» **WHAT THE TASK ASKS**
Retype the entries in full.

» **RECORDS TO USE**
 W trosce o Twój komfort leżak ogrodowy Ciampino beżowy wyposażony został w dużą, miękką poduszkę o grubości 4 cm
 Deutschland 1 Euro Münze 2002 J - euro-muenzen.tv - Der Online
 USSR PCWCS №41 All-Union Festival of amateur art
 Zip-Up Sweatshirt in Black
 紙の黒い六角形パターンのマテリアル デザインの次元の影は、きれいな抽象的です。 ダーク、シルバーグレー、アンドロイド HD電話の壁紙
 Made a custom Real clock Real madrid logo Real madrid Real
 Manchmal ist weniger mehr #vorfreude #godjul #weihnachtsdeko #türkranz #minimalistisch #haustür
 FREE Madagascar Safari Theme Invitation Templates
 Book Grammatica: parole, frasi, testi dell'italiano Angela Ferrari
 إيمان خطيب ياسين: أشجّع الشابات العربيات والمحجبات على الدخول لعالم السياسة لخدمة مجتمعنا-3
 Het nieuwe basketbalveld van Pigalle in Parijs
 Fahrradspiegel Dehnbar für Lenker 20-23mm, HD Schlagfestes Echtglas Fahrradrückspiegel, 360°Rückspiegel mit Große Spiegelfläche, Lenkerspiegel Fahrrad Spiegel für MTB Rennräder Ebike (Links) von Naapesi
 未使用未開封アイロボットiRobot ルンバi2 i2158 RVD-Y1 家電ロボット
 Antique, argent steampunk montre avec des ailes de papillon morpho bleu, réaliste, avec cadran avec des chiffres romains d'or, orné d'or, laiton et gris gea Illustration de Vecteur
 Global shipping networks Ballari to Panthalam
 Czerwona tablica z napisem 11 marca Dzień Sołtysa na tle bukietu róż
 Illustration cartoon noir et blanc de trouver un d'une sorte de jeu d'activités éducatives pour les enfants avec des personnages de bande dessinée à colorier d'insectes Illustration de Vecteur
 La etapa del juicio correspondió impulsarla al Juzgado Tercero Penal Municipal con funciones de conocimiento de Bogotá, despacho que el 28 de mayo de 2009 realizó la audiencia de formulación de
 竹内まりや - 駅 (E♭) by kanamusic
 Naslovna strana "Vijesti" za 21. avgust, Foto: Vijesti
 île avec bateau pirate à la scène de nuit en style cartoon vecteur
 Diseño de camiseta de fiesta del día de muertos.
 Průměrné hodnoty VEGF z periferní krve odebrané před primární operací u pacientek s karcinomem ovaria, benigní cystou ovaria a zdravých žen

» **EXPECTED ANSWER**
 W trosce o Twój komfort leżak ogrodowy Ciampino beżowy wyposażony został w dużą, miękką poduszkę o grubości 4 cm
 Deutschland 1 Euro Münze 2002 J - euro-muenzen.tv - Der Online
 USSR PCWCS №41 All-Union Festival of amateur art
 Zip-Up Sweatshirt in Black
 紙の黒い六角形パターンのマテリアル デザインの次元の影は、きれいな抽象的です。 ダーク、シルバーグレー、アンドロイド HD電話の壁紙
 Made a custom Real clock Real madrid logo Real madrid Real
 Manchmal ist weniger mehr #vorfreude #godjul #weihnachtsdeko #türkranz #minimalistisch #haustür
 FREE Madagascar Safari Theme Invitation Templates
 Book Grammatica: parole, frasi, testi dell'italiano Angela Ferrari
 إيمان خطيب ياسين: أشجّع الشابات العربيات والمحجبات على الدخول لعالم السياسة لخدمة مجتمعنا-3
 Het nieuwe basketbalveld van Pigalle in Parijs
 Fahrradspiegel Dehnbar für Lenker 20-23mm, HD Schlagfestes Echtglas Fahrradrückspiegel, 360°Rückspiegel mit Große Spiegelfläche, Lenkerspiegel Fahrrad Spiegel für MTB Rennräder Ebike (Links) von Naapesi
 未使用未開封アイロボットiRobot ルンバi2 i2158 RVD-Y1 家電ロボット
 Antique, argent steampunk montre avec des ailes de papillon morpho bleu, réaliste, avec cadran avec des chiffres romains d'or, orné d'or, laiton et gris gea Illustration de Vecteur
 Global shipping networks Ballari to Panthalam
 Czerwona tablica z napisem 11 marca Dzień Sołtysa na tle bukietu róż
 Illustration cartoon noir et blanc de trouver un d'une sorte de jeu d'activités éducatives pour les enfants avec des personnages de bande dessinée à colorier d'insectes Illustration de Vecteur
 La etapa del juicio correspondió impulsarla al Juzgado Tercero Penal Municipal con funciones de conocimiento de Bogotá, despacho que el 28 de mayo de 2009 realizó la audiencia de formulación de
 竹内まりや - 駅 (E♭) by kanamusic
 Naslovna strana "Vijesti" za 21. avgust, Foto: Vijesti
 île avec bateau pirate à la scène de nuit en style cartoon vecteur
 Diseño de camiseta de fiesta del día de muertos.
 Průměrné hodnoty VEGF z periferní krve odebrané před primární operací u pacientek s karcinomem ovaria, benigní cystou ovaria a zdravých žen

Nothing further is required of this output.